I'm experimenting with PostgreSQL (v9.3). I have a quite large database, and often I need to execute queries with 8-10 joined tables (as source of large data grids). I'm using Devexpress XPO as the ORM above PostgreSQL, so unfortunately I don't have any control over how joins are generated.
The following example is a fairly simplified one, the real scenario is more complex, but as far as my examination the main problem can be seen on this too.

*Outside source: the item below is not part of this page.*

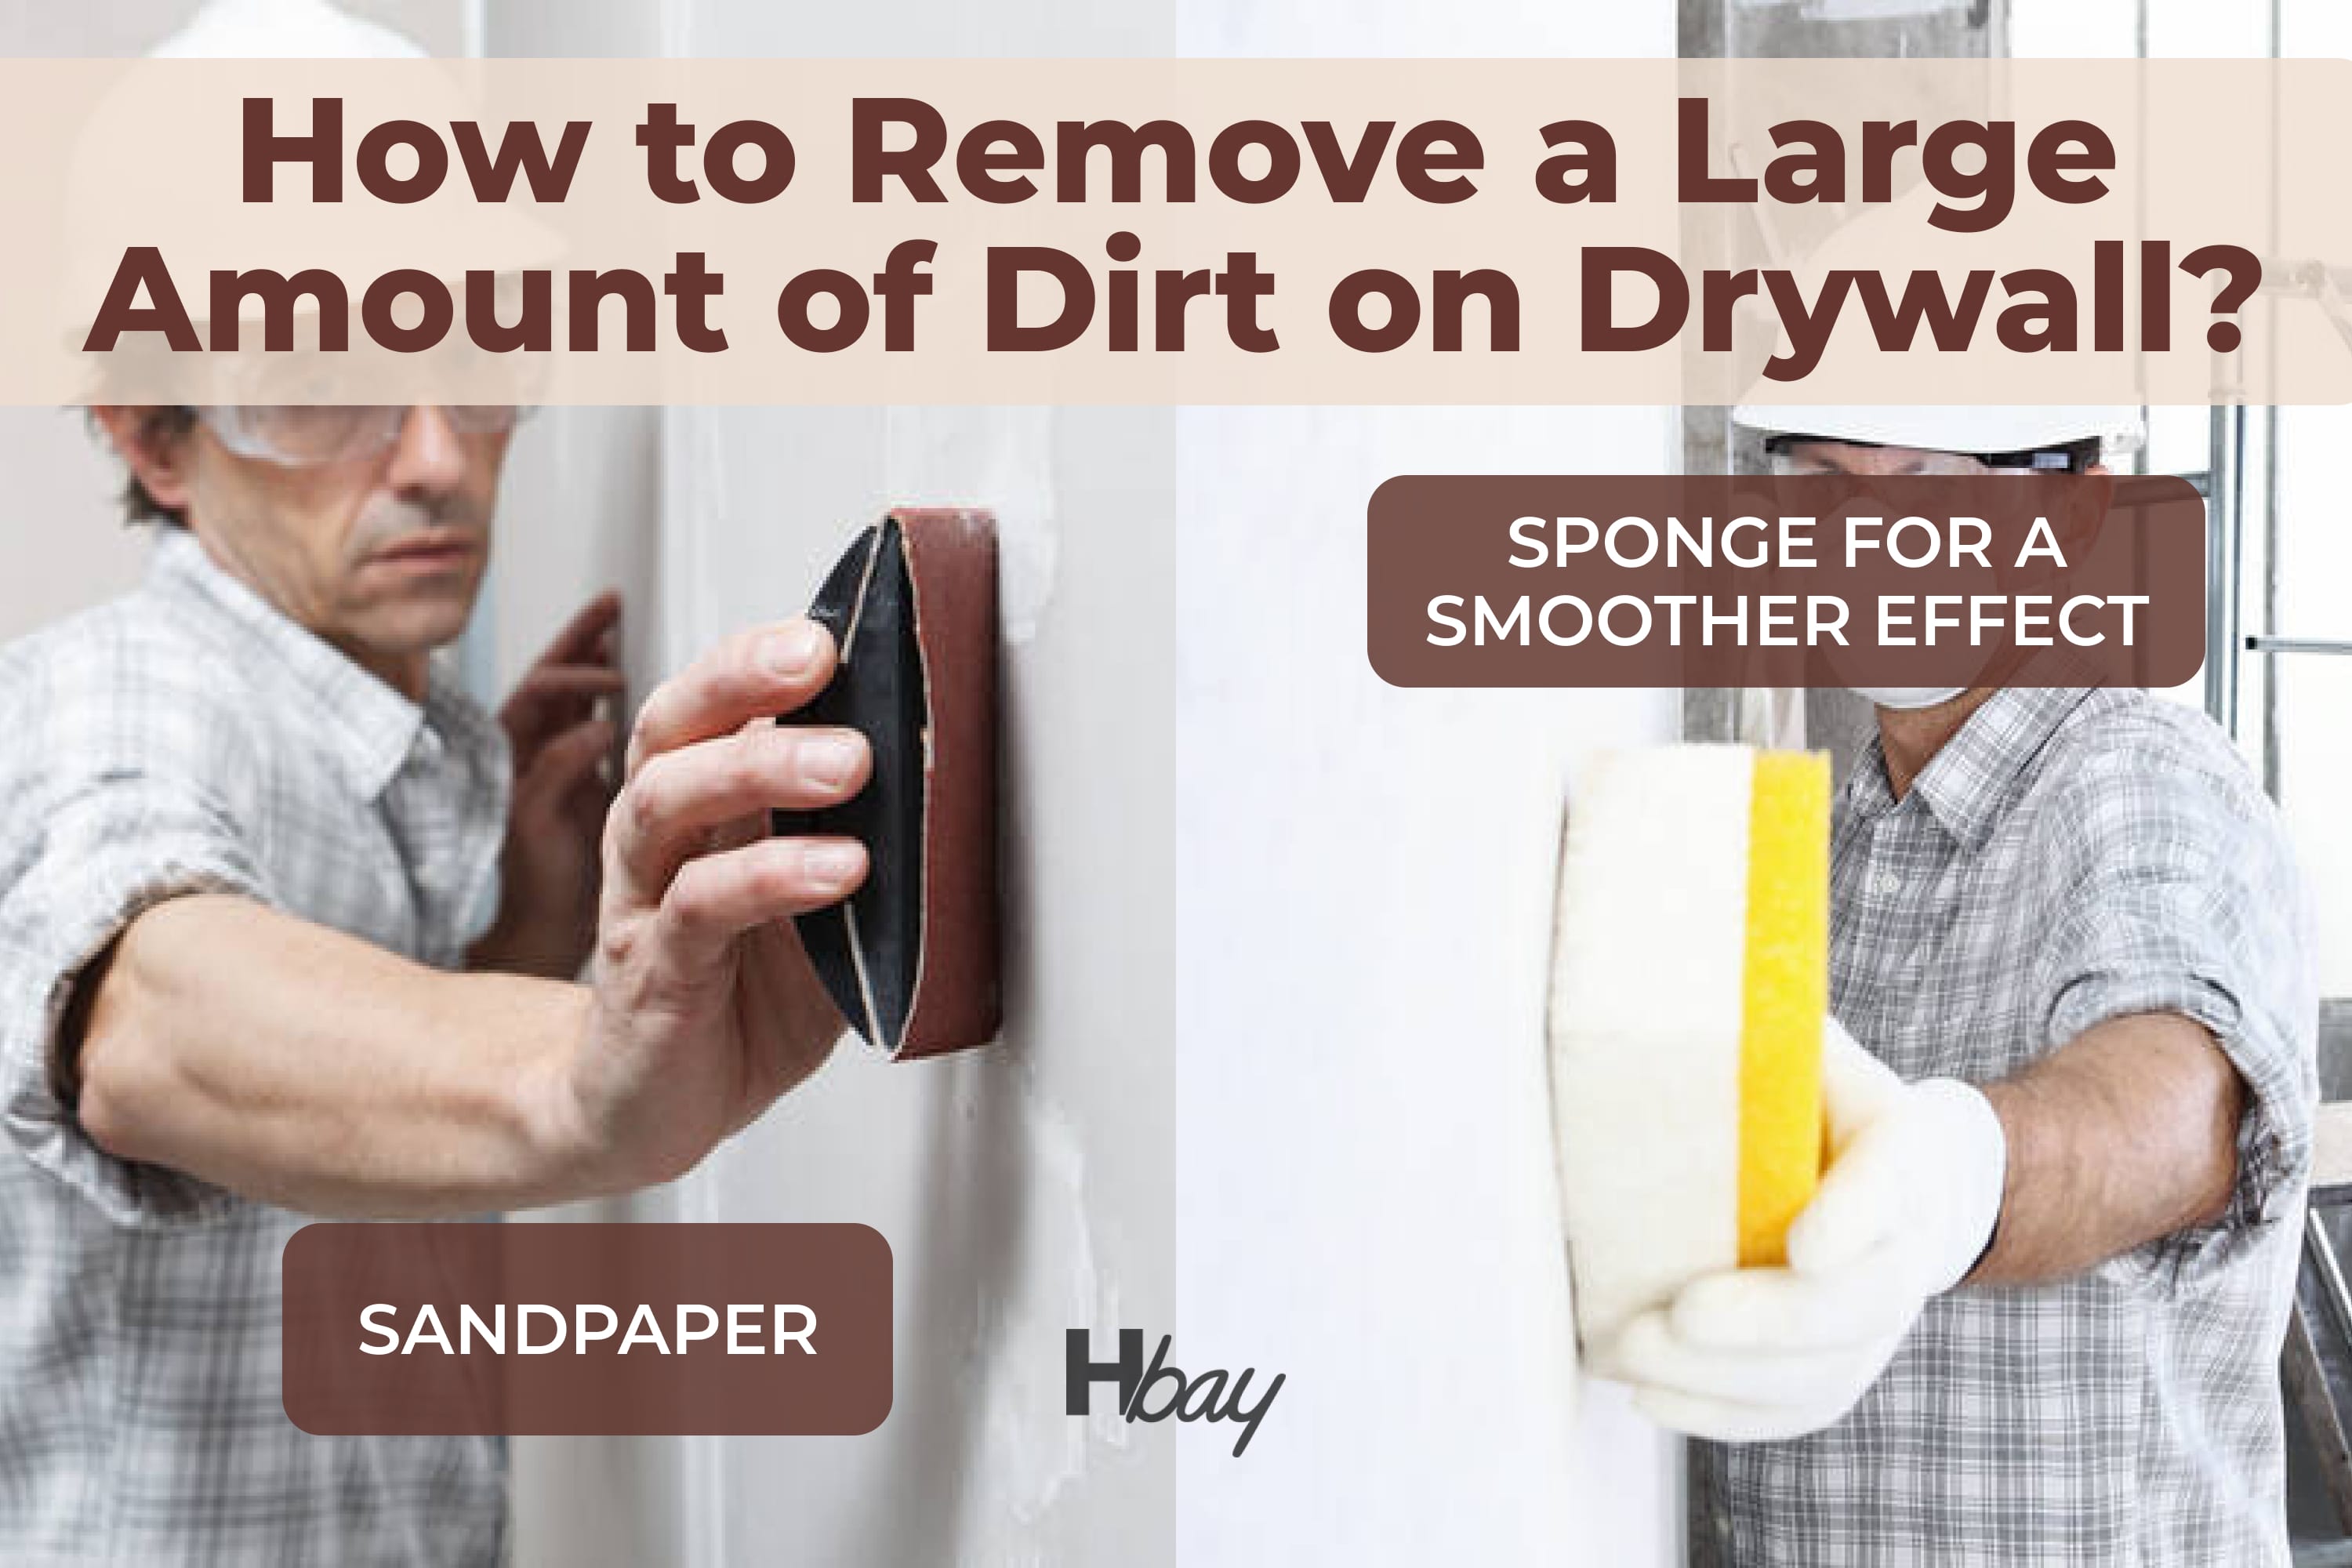 How to remove a large amount of dirt on drywall

Consider the following variants of the (semantically) same query:
SELECT o.*, c.*, od.*
FROM orders o
LEFT JOIN orderdetails od ON o.details = od.oid
LEFT JOIN customers c ON o.customer = c.oid
WHERE c.code = 32435 and o.date > '2012-01-01';
SELECT o.*, c.*, od.*
FROM orders o
LEFT JOIN customers c ON o.customer = c.oid
LEFT JOIN orderdetails od ON o.details = od.oid
WHERE c.code = 32435 and o.date > '2012-01-01';
The orders
table contains about 1 million rows, and the customers
about 30 thousand. The order details contains the same amount as orders
due to a one-to-one relation.
UPDATE: It seems like the example is too simplified to reproduce the issue, because I checked again and in this case the two execution plain is identical. However in my real query where there are much more joins, the problem occures: if I put customers as the first join, the execution is 100x faster. I'll add my real query, but due to the hungarian language and the fact that it's been generated by XPO and Npgsql makes it less readable.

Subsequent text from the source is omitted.